Collective variables

To do this, Mark suggests targeting collective variables - something that distinguishes different conformal states. These are selected ‘by hand’ with ‘insight’ and ‘chemical intuition’ to fit the problem studied.

The most simple example are the Psi and Theta angles of the Ramachandran plot [5] for amino acid residues.
For crystals you can take the unit cell vectors and stuff them into what Mark referred to as the h matrix.
For packing, you can take angles and distances, or use Q, W Steinhardt bond-order parameters.
- [Incidentally, I recently learned thanks to another seminar that these seemingly mystical parameters are really quite simple - they’re just spherical harmonics! You consider only even-l versions of these, making them invariant under inversion. [6] ]

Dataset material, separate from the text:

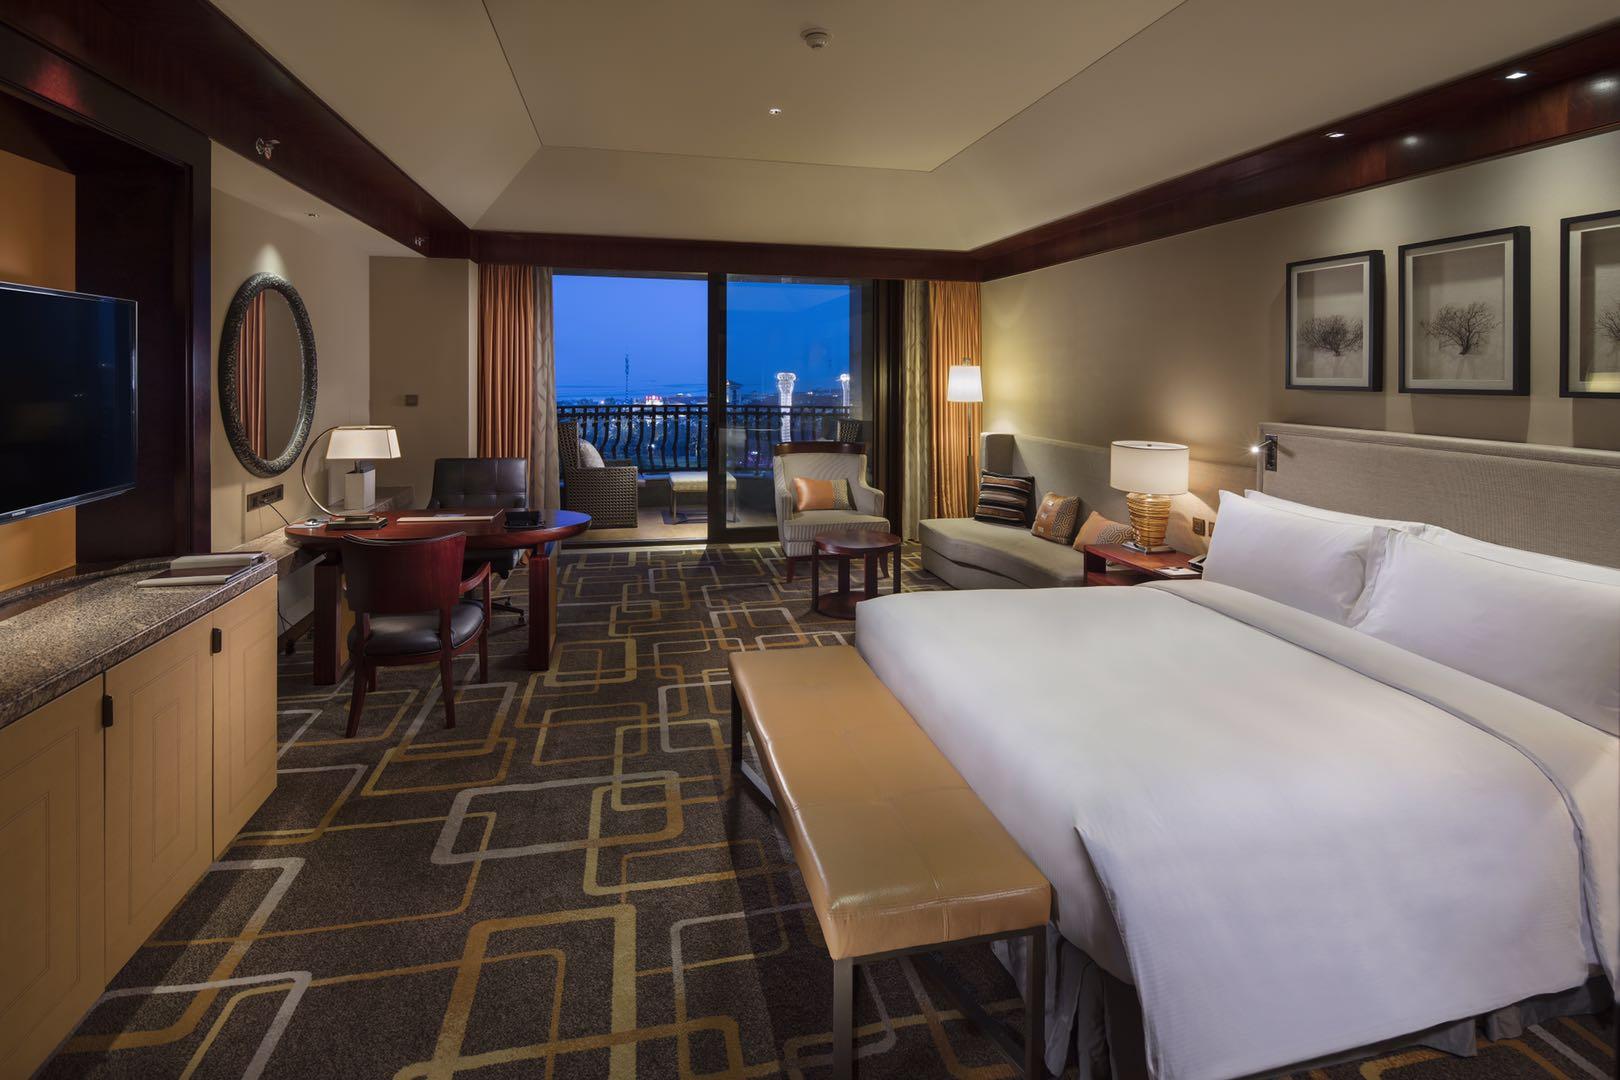 青岛金沙滩希尔顿酒店1晚 次日双人自助早餐 双人自助

Temperature accelerated MD

Temperature accelerated MD was then introduced. Mark described it as essentially being an additional (standard) equation of motion being simultaneously solved, in the collective variables. A very large fictitious mass is used for the collective-variable centre, and a separate thermostat (~32000 K was an example). This physically means that the collective variables have the energy to hop potential barriers between minima, and the momentum to smoothly move between them. The large difference in mass allows for an adiabatic decoupling of the Equations of Motion.

I did not realise that temperature accelerated MD was this conceptually simple.

Metadynamics is an alternative way to explore the free energy landscape, but relies on the simulation dropping little Gaussians in the potential energy where they are currently, so requires a certain amount of time to fill up the basins and escape to the next one. To get the free energy, once you’ve filled all the basins you invert the Gaussians and this gives you the free energy surface.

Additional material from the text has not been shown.